▸ **WHAT IS NEEDED**:
The answer is an exact repeat of the entries below, with the pictures omitted.

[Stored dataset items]

◆ ◆ ◆ ◆ ◆

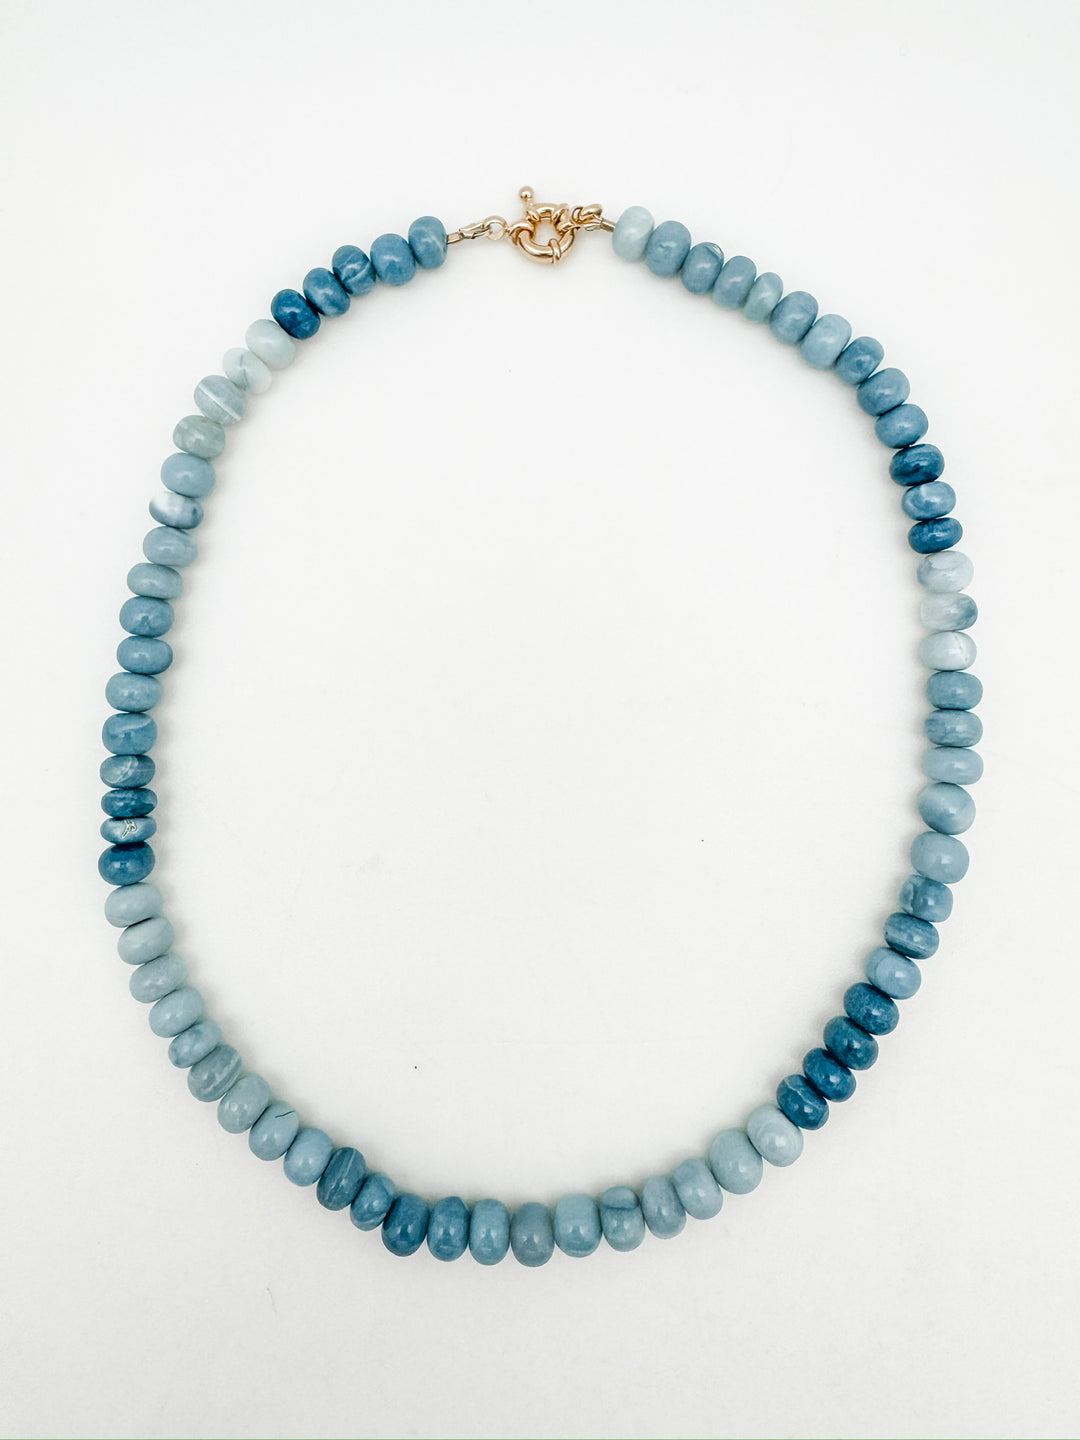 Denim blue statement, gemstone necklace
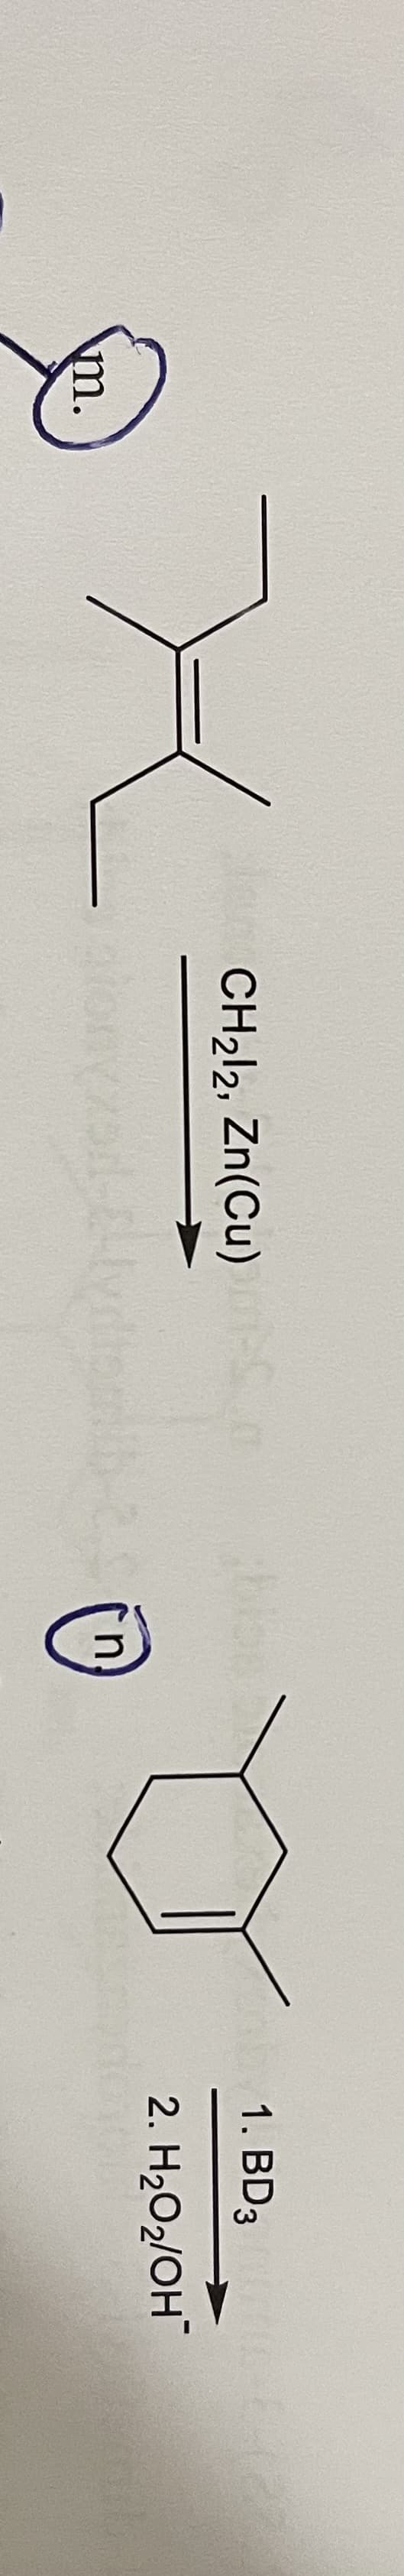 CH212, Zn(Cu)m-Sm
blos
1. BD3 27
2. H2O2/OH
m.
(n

◆ ◆ ◆ ◆ ◆

▸ **ANSWER TO THE EXERCISE**:
 Denim blue statement, gemstone necklace
 CH212, Zn(Cu)m-Sm
blos
1. BD3 27
2. H2O2/OH
m.
(n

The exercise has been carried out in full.